After completion of the coating cycle, the reactor was cooled to room temperature under vacuum conditions to minimize post-process oxidation. The treated powders were then removed and stored in sealed containers prior to characterization.
The use of a vacuum-assisted gas-phase route provides several advantages compared to conventional wet phosphating, including improved coating uniformity, reduced solvent contamination, enhanced thickness controllability, and compatibility with scalable powder metallurgy workflows.

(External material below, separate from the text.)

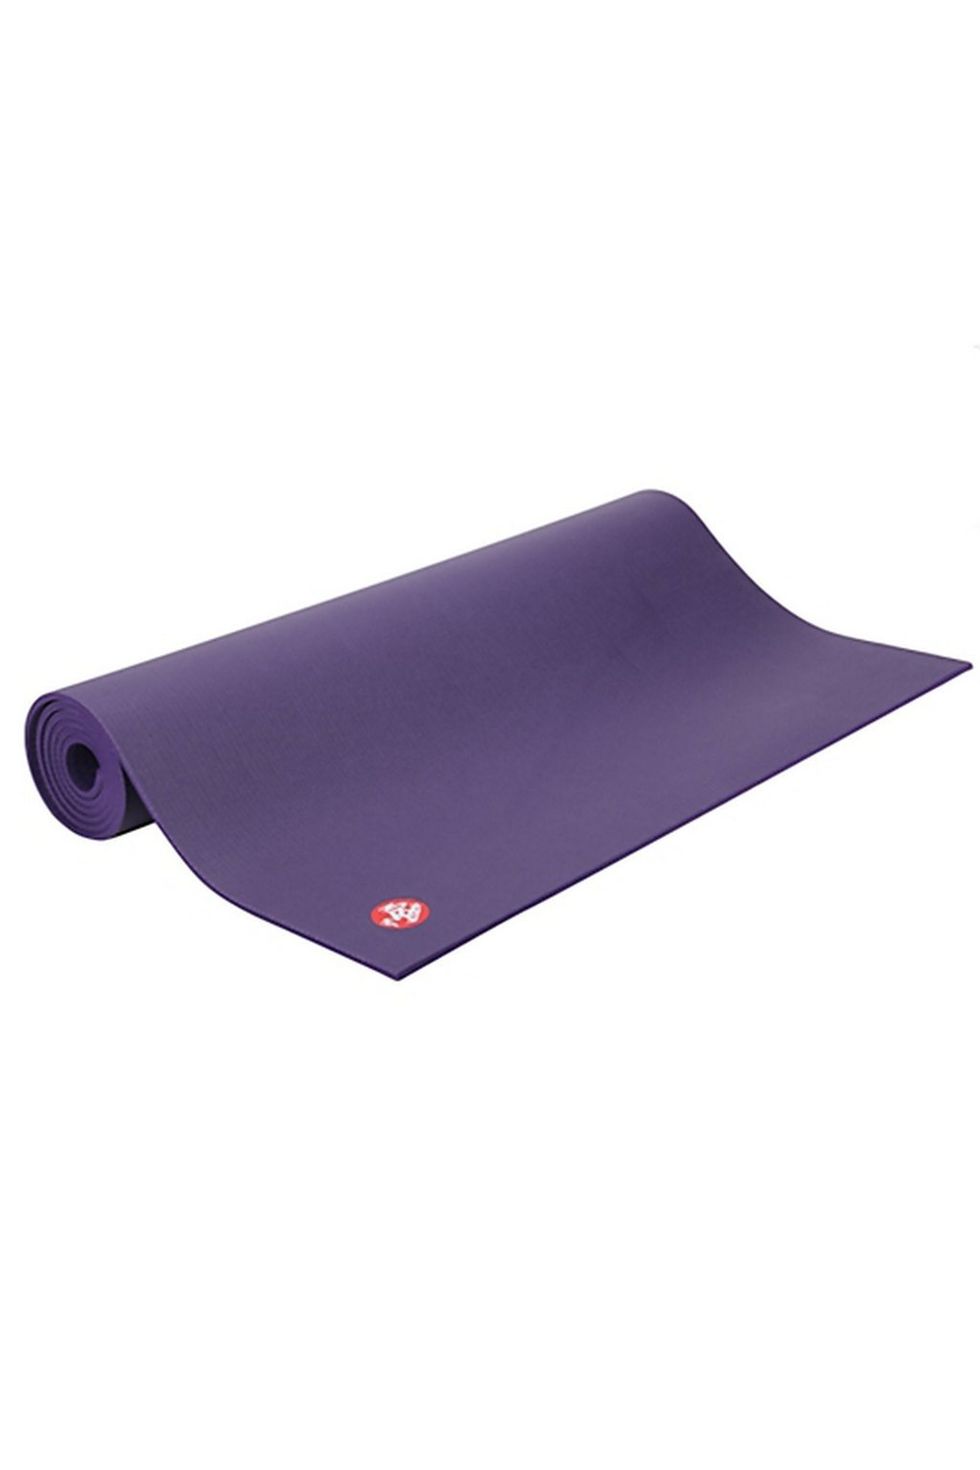 The Best Yoga Mats of 2022  From Novice to Expert Top 7 Yoga Mats

2.3. Lubrication and Post-Treatment of Coated Powders

Following gas-phase phosphating, the coated iron powders were subjected to a controlled lubrication and thermal stabilization procedure to improve powder flowability, interparticle rearrangement during compaction, and coating integrity.
A peat-wax-based lubricant was introduced in an amount of 0.15 wt.% relative to the initial powder mass. The lubricant was dissolved in a volatile carrier medium and uniformly distributed over the coated particles using low-energy mechanical mixing in a laboratory-scale ball mill. The mixing was performed under mild conditions to prevent mechanical damage to the phosphate-based insulating layer and to avoid particle fragmentation or coating delamination.
The purpose of lubrication was twofold:
  • To reduce interparticle friction during subsequent compaction;
  • To improve powder flow characteristics and ensure homogeneous die filling.
After lubrication, the composite powder underwent thermal post-treatment inside the same cylindrical reactor used for gas-phase coating. The chamber was evacuated to a pressure of 10⁻²–10⁻³ mmHg to remove residual atmospheric gases and volatile components introduced during lubrication.
The reactor was then heated to 200 °C and maintained at this temperature for 20 minutes under reduced pressure. This stabilization step served to:
  • remove residual solvent traces,
  • enhance adhesion between the phosphate-based layer and the iron substrate,
  • promote structural relaxation of the coating,
  • reduce the risk of microcracking during subsequent mechanical consolidation.
Cooling was carried out under vacuum conditions to minimize re-oxidation of the iron surface. For samples requiring increased insulation thickness, the gas-phase coating and post-treatment cycles were repeated sequentially. The multi-cycle approach enabled systematic control over coating thickness while maintaining crystallographic stability and particle integrity.
The integration of lubrication and thermal stabilization into the processing route ensures compatibility of the coated powders with conventional powder metallurgy workflows, particularly cold pressing and low-temperature consolidation methods.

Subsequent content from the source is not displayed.